PROBLEM TO WORK ON: What needs reproducing is the run of lines in the data below starting at the line with "Three bedroom apartment" and ending at the line with "versus Kilmarnock Programme Cover", both ends included. Copy it exactly, without pictures, and add nothing.

RECORDS:
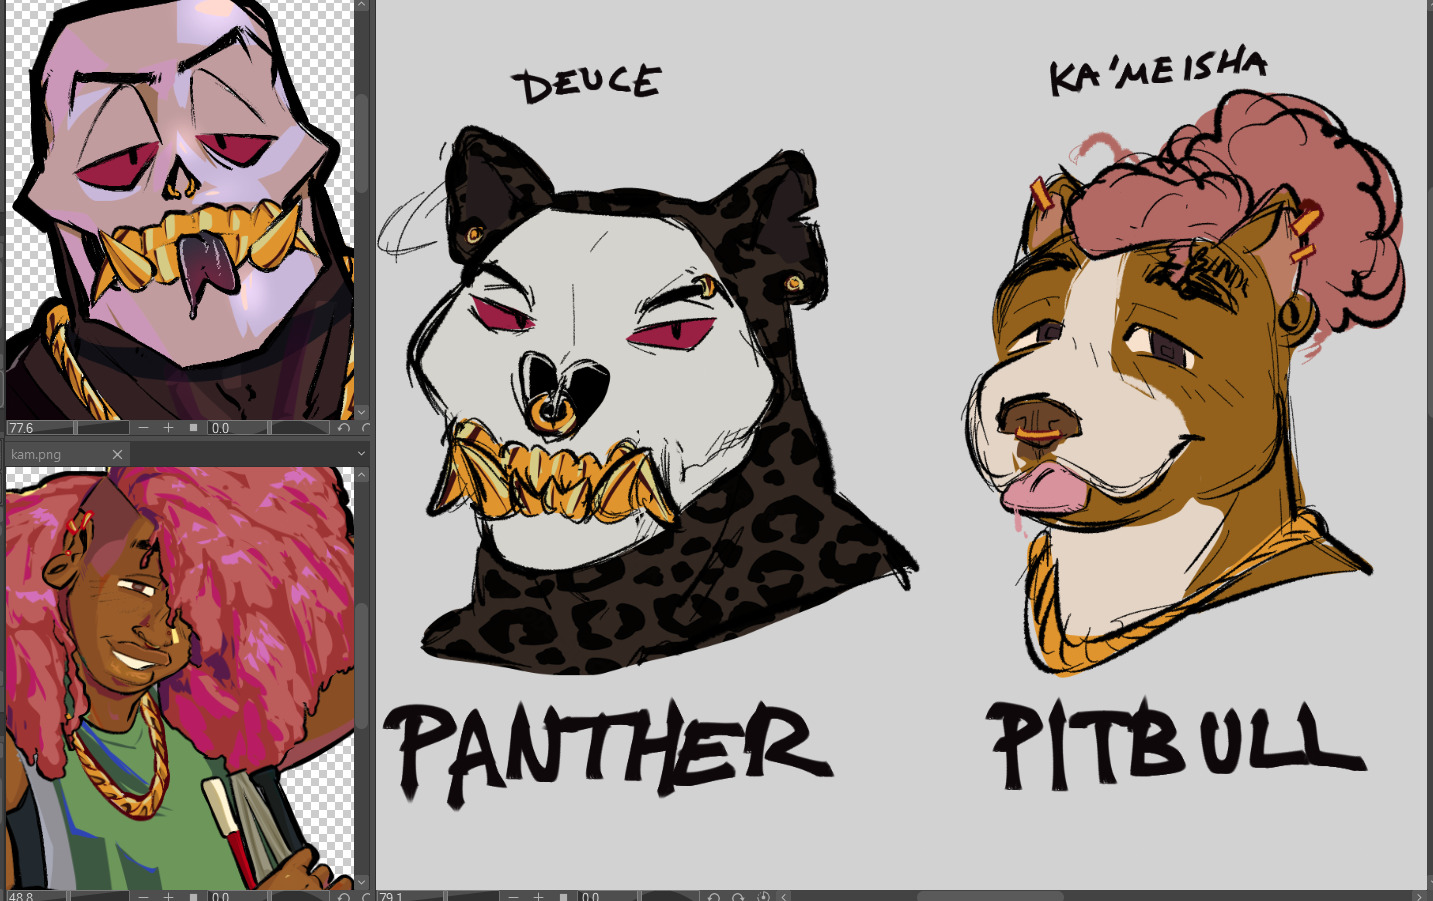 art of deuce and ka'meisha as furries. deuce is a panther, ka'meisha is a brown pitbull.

* * *

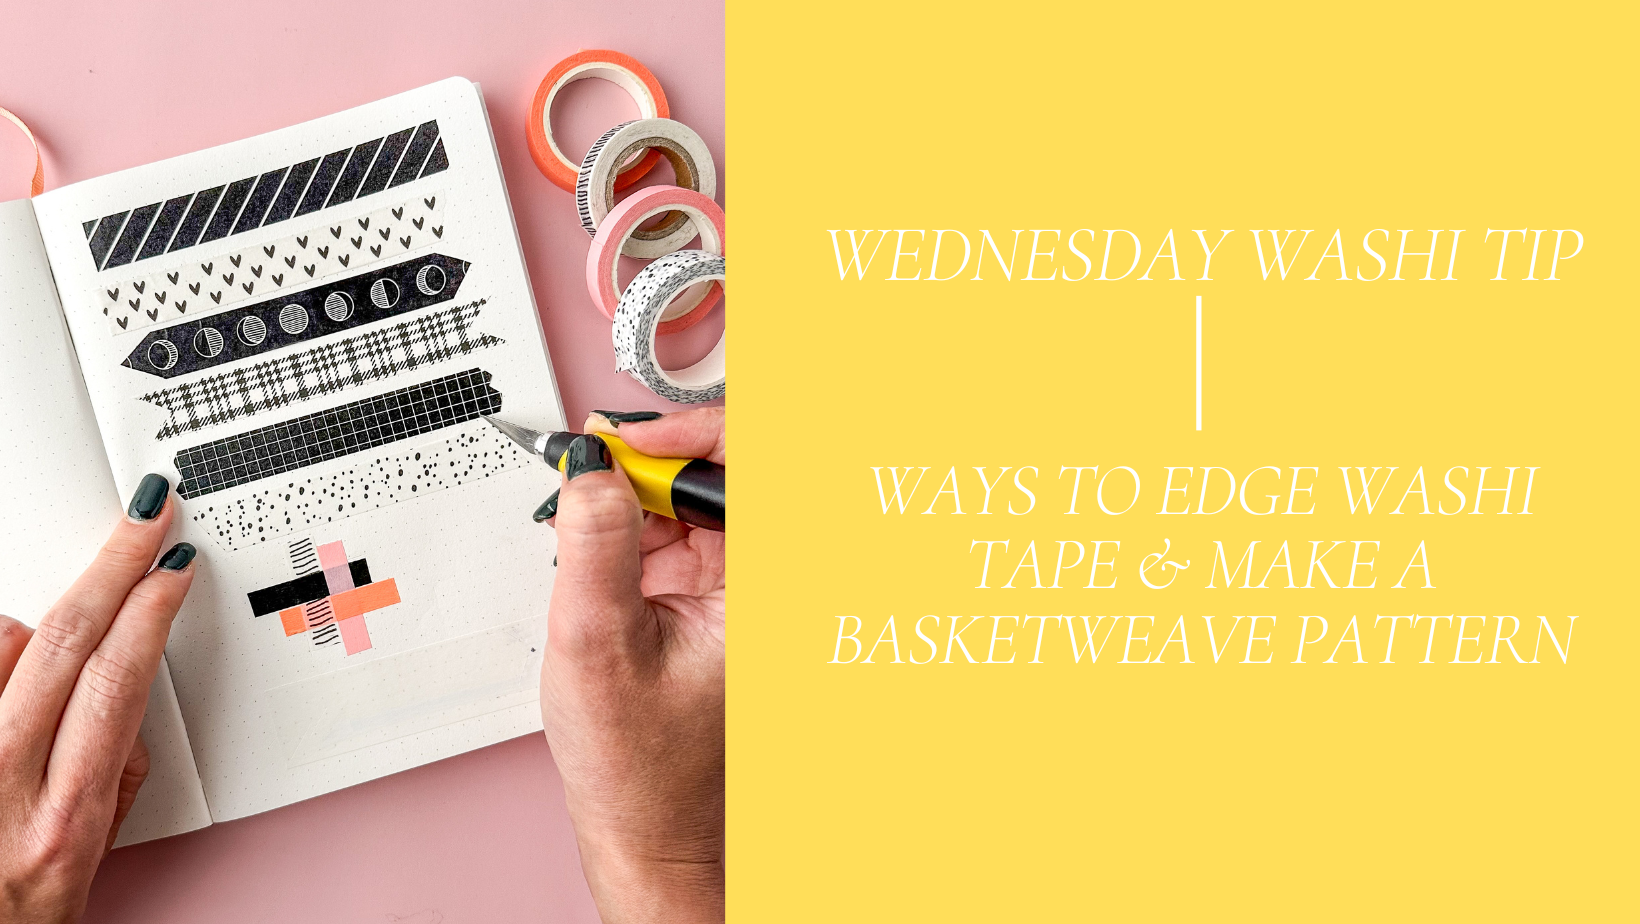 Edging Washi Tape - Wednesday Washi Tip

--

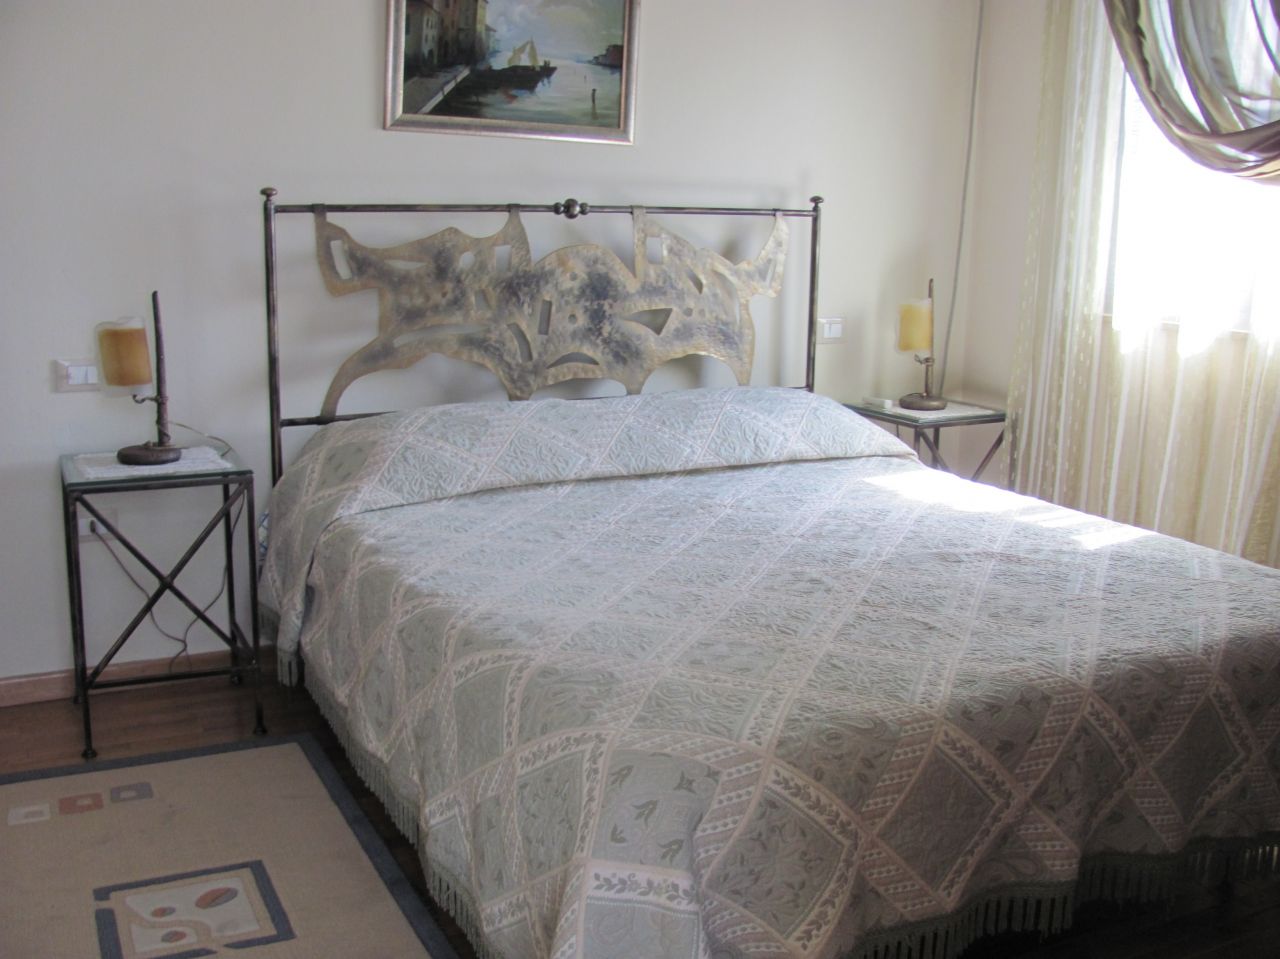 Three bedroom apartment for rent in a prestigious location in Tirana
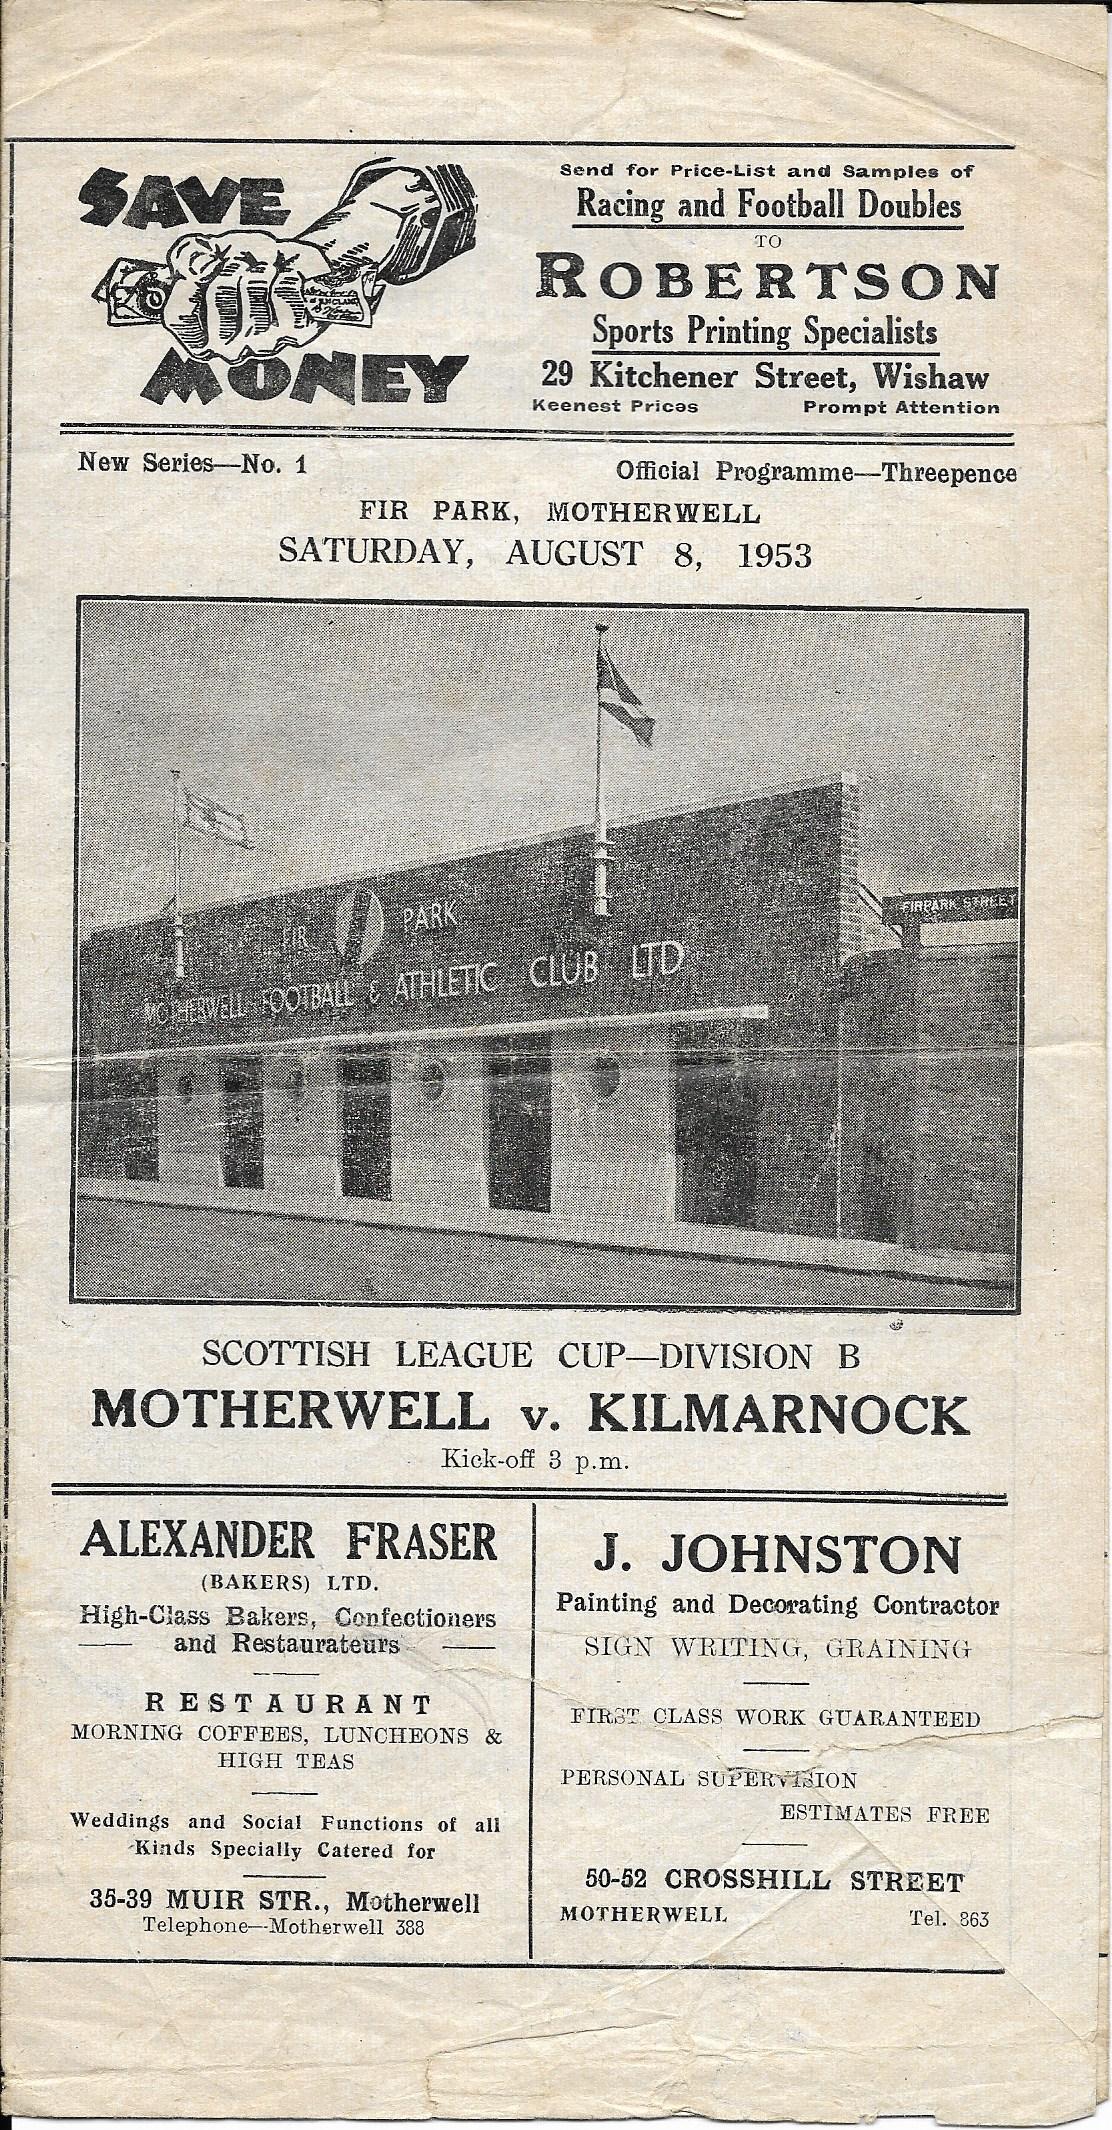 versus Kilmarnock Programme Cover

COMPLETED EXERCISE:
 Three bedroom apartment for rent in a prestigious location in Tirana
 versus Kilmarnock Programme Cover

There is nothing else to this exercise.